Indeed, that is exactly what I think they did.  However, the key words for 
me here are "what they saw as brahminism".  I think that it is fairly well 
accepted, as I am sure you know, these days that there were two strands in 
early / mid-period Buddhism -- the monastics and the forest-dwellers.  The 
differences between them in terms of doctrine and practice are not fully 
known but some salient features are understood.  The contrast between 
dhyaana and praj~naa as a means to liberation is one that comes to mind. 
Anyway, to cut a long story short, it would seem that the bulk of the 
Nikayas / Agamas are a product of the monastics and not the 
forest-dwellers -- Buddhism seems to have undergone rapid changes at the 
hands of the monastics, a process that even started soon after the Buddha's 
death.  This is corroborated when one reads between the lines accounts of 
the last years of poor old Ananda who outlived all the other immediate 
disciples.

Now, as far as the MPNS is concerned, there are important clues concerning 
both the origins of the text and even the origins of some strands of 
Mahayana.  This concerns the mysterious group of "acaryas", teachers of the 
MPNS, who do not follow the monastic vinaya (or even live in monasteries) 
but follow a moral code derived from the sutras.  They spent their time 
going around in pilgrimage and preaching at the main great stupas enshrining 
the Buddha's relics.  This stupa connection becomes especially important in 
the context of the MPNS as both "tathagata-garbha" and "buddha-dhaatu" are 
actually technical terms related to stupas in origin.
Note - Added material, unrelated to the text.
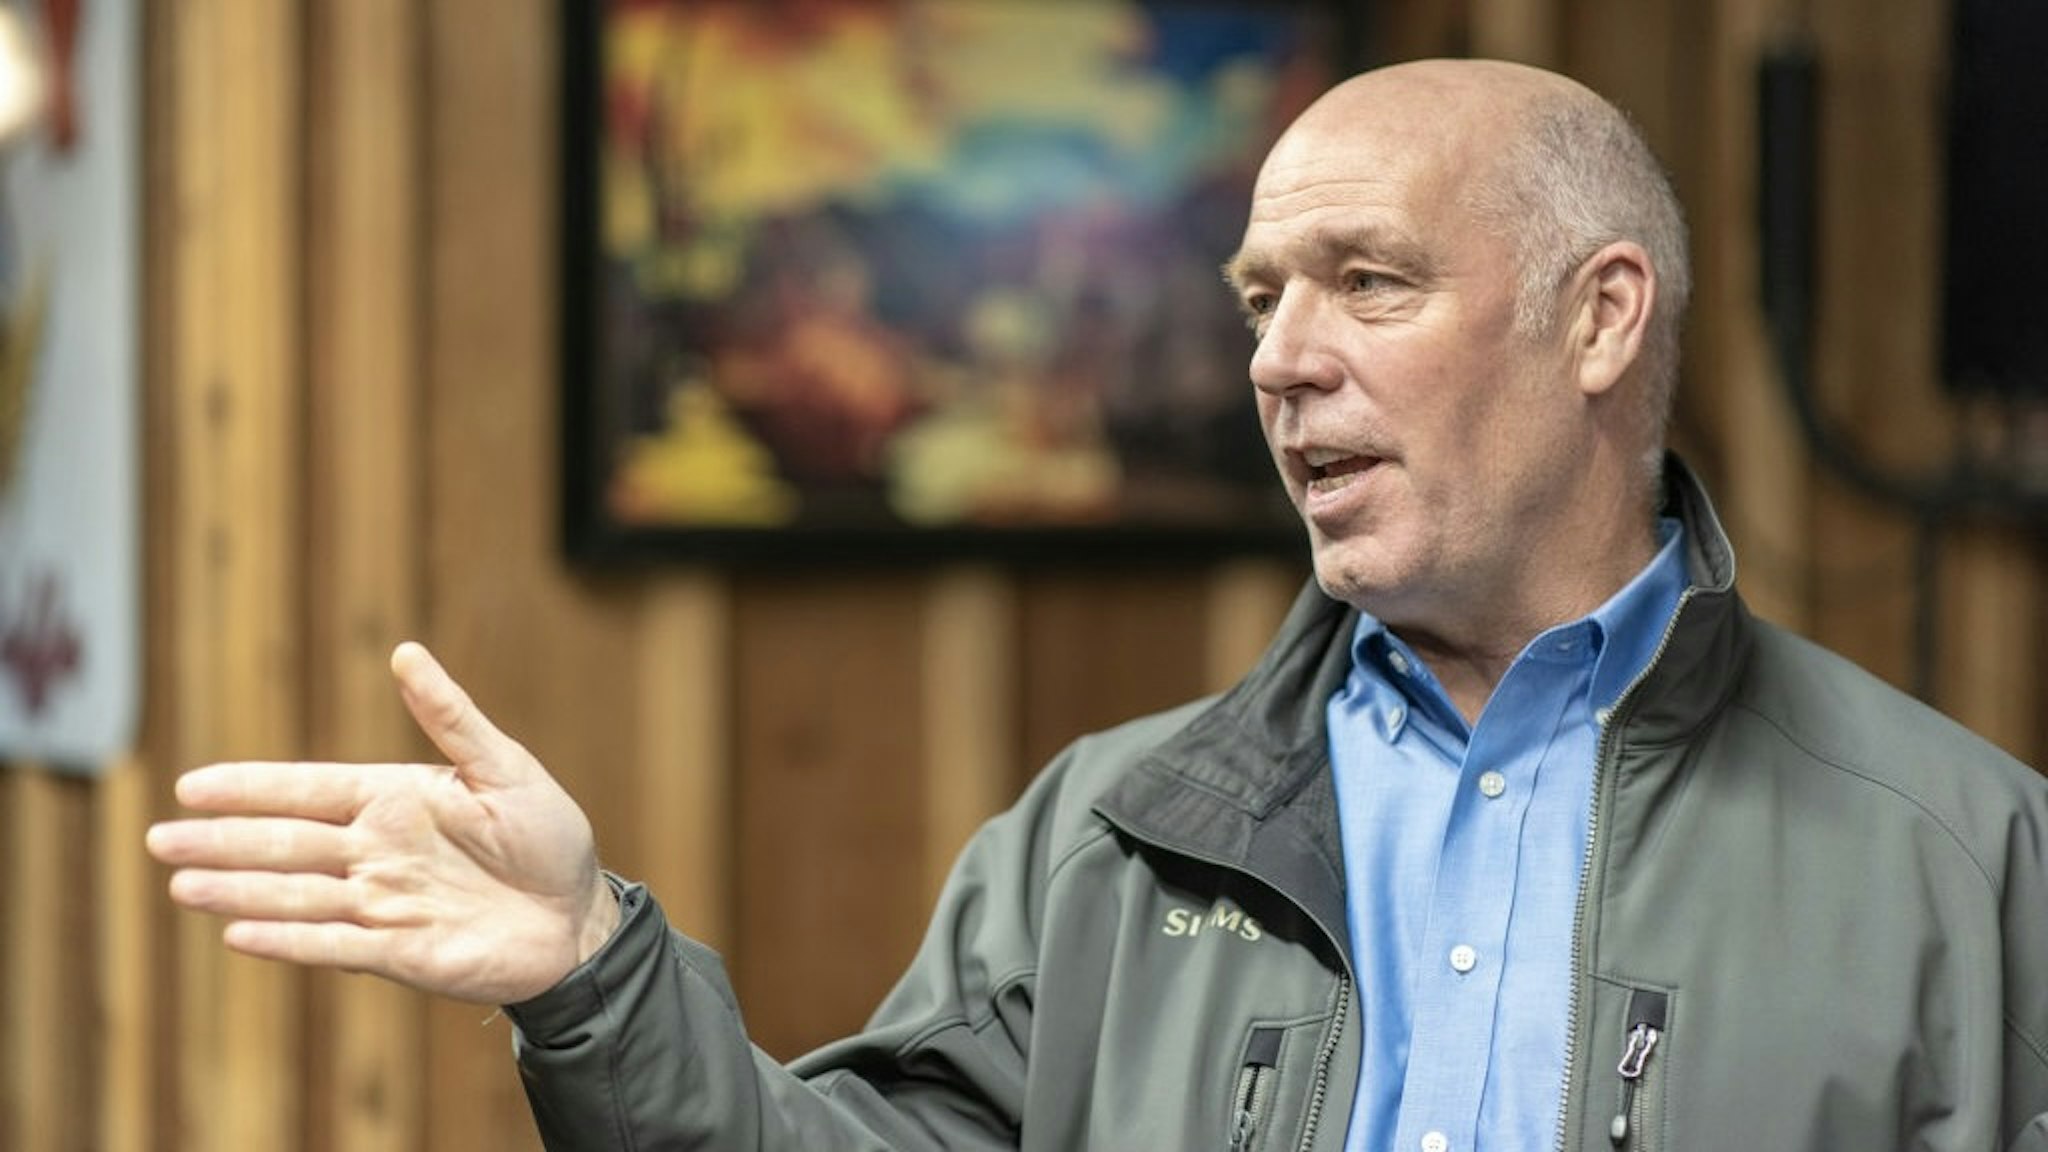 Montana GOP Rep. Greg Gianforte Advocates For Yellowstone Gateway Protection Act PRAY, MT- OCTOBER 10: Montana Republican Congressman Greg Gianforte meets with members of the business and environmental community at Chico Hot Springs below Emigrant Peak on October 10, 2018 in Pray, Montana. He gave the group a briefing on his bill the "Yellowstone Gateway Protection Act" which permanently withdraws mineral rights and bans mining on 30-thousand acres of public lands east of the Paradise Valley and north of Yellowstone National Park. Gianforte is running against Democrat Kathleen Williams for Montana's lone house seat in the 2018 midterm elections. (Photo by William Campbell-Corbis via Getty Images) William Campbell / Contributor

My suggestion is that these acaryas were members of an out-lying Buddhist 
wing, possibly akin to the forest-swellers, who possibly preserved a 
different or pre-canonical understanding of the Buddha's teachings -- cut 
off from the monasteries, they may well have missed out on much of the 
"orthodox" invention of Buddhism.  Sure, this is speculative and the 
evidence is fragmentary but putting all the scattered bits together, one can 
arrive at a different picture of the development of Buddhism in which it is 
the "orthodox" view which is actually unorthodox.  This is what the core, 
unrevised,  portion MPNS keeps repeating.

Sorry if the above is bit of a muddle but it all really needs a book to 
discuss.

Best wishes,
Stephen Hodge

PS:  Yes, the back is fine now but other health problems persist.